# Exercise objective:
An exact transcript is required of the lines below, from the one containing "Foundation Dezin &" through the very last; leave every picture out of it.

# Given data:
══════════════════════════════

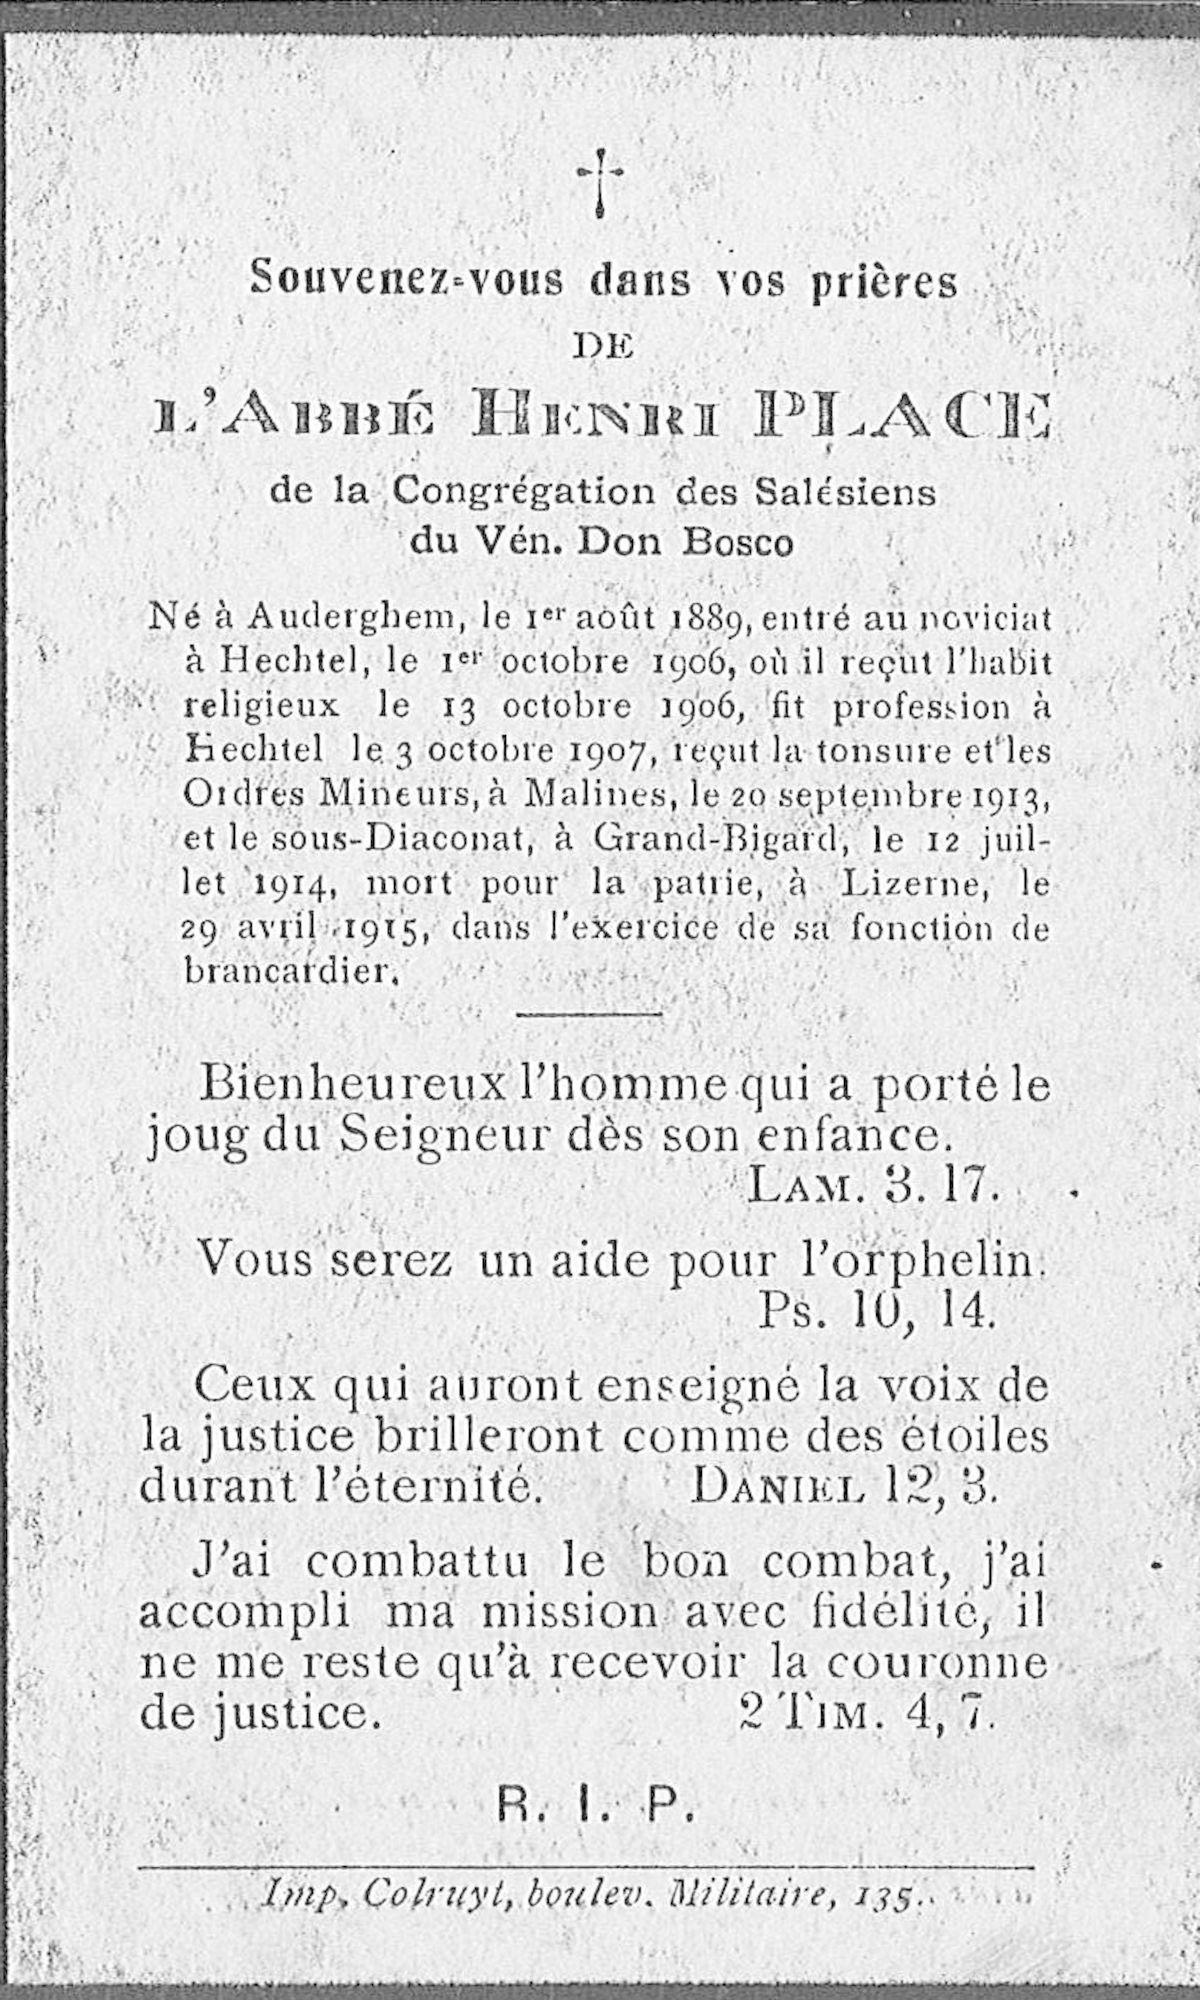 Henri Place
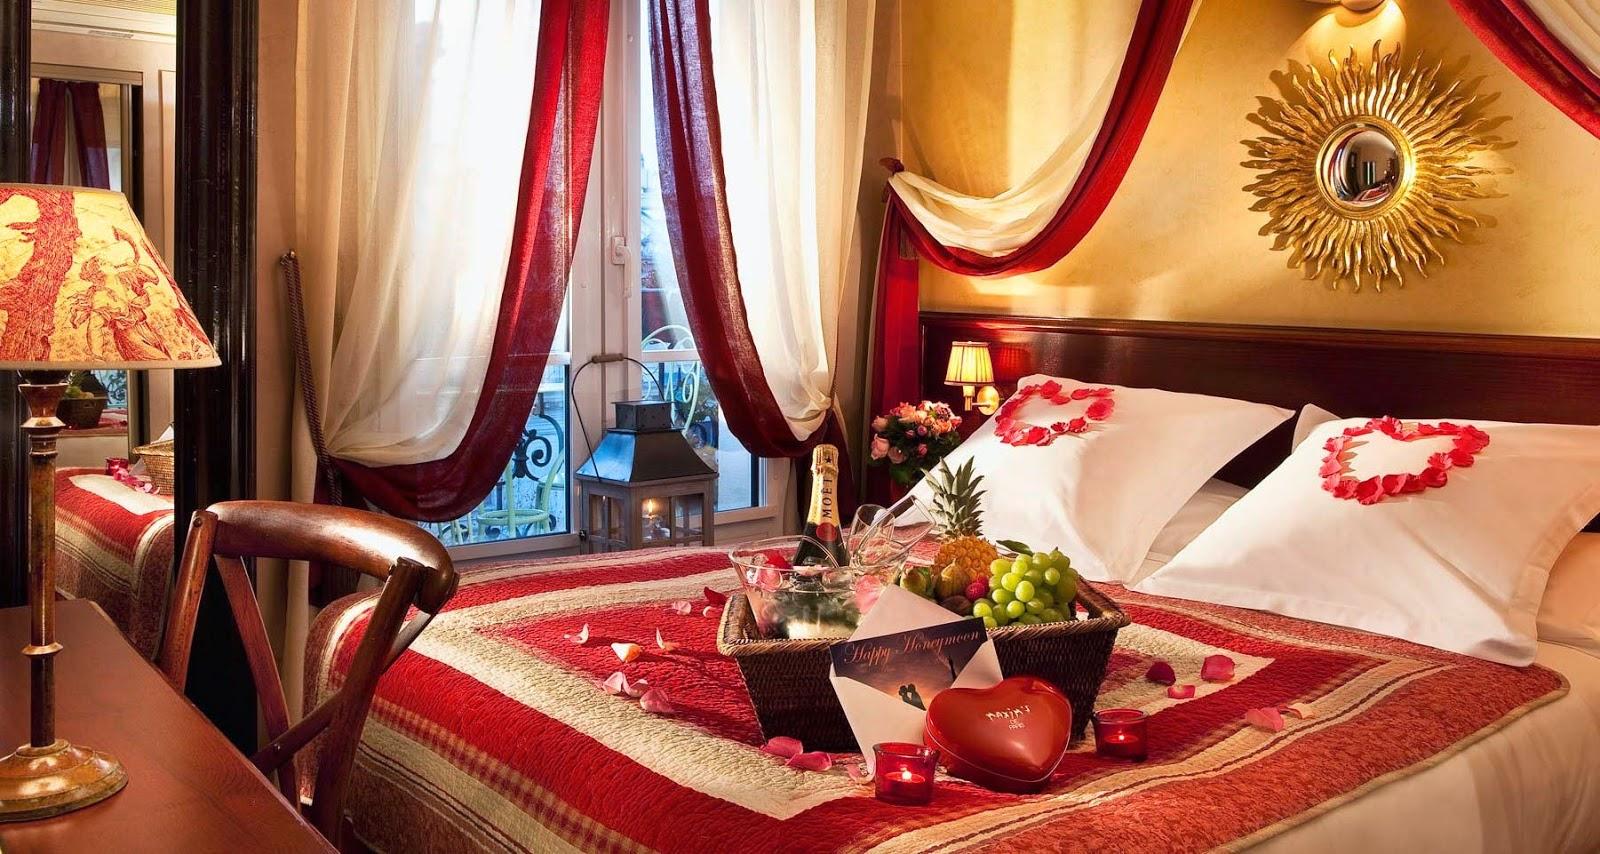 Foundation Dezin & Decor...: Romantic Bedroom Settings
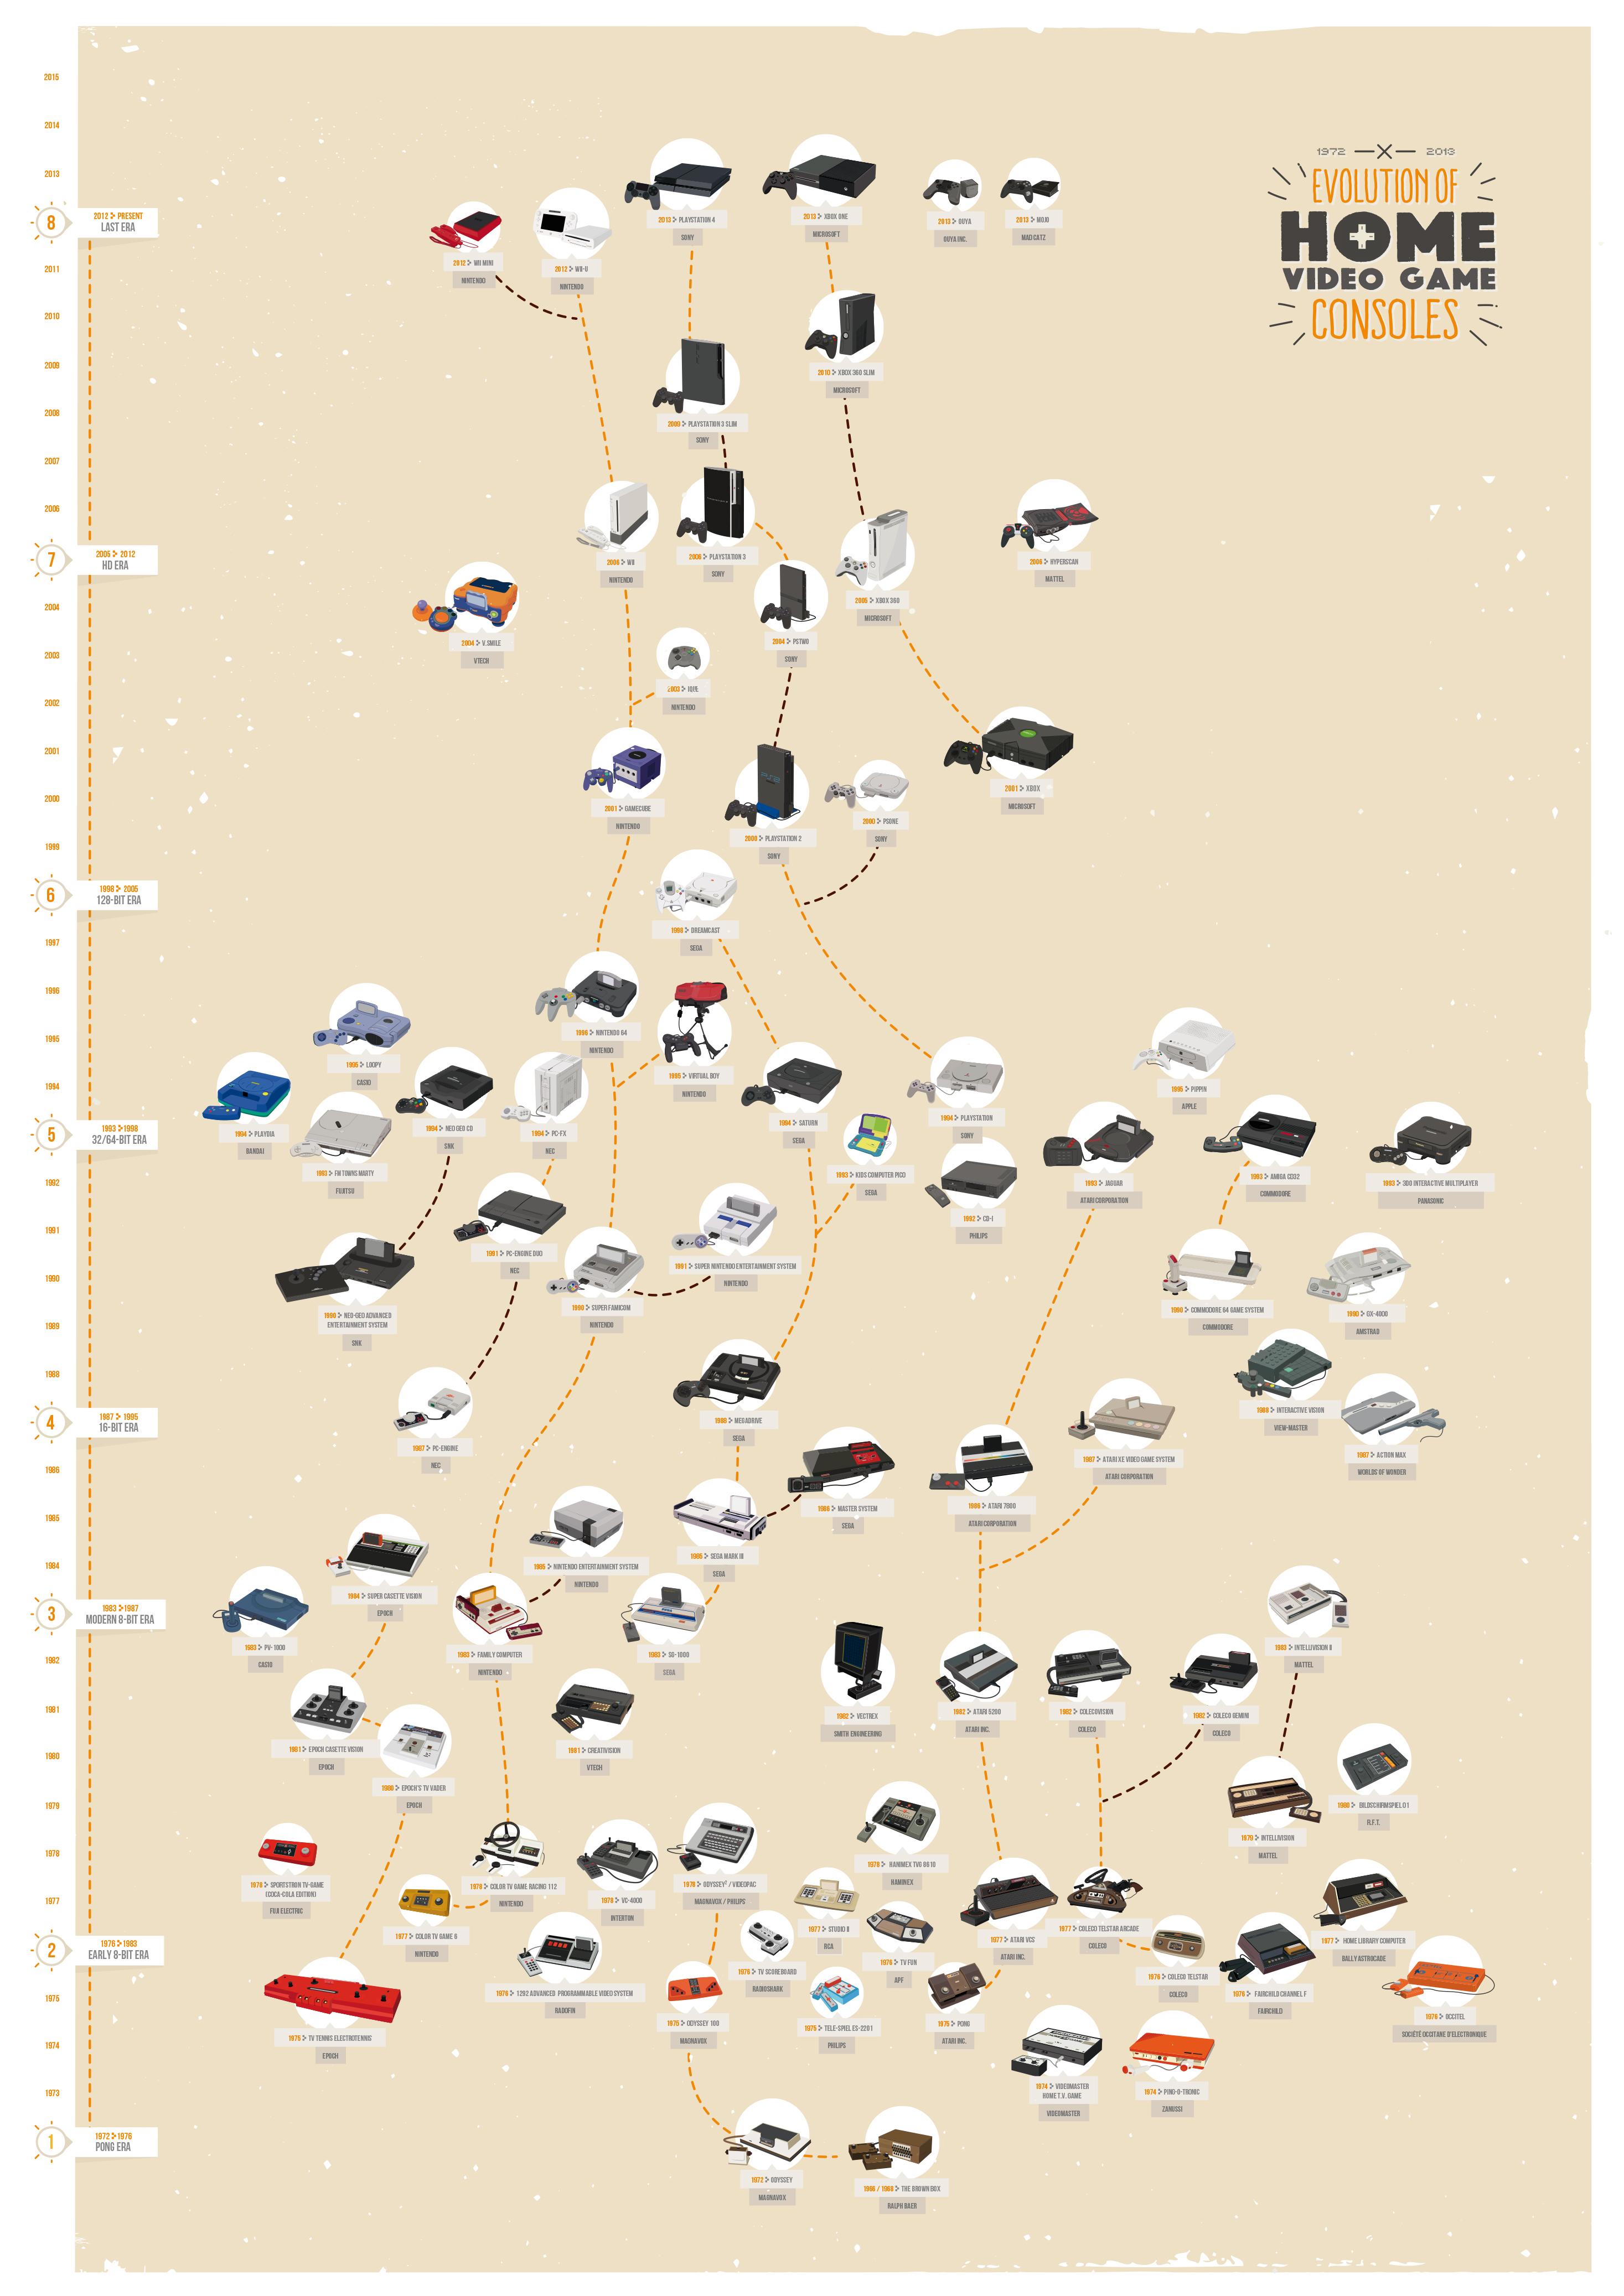 videogames_evolution_poster.jpg

══════════════════════════════

# Result:
 Foundation Dezin & Decor...: Romantic Bedroom Settings
 videogames_evolution_poster.jpg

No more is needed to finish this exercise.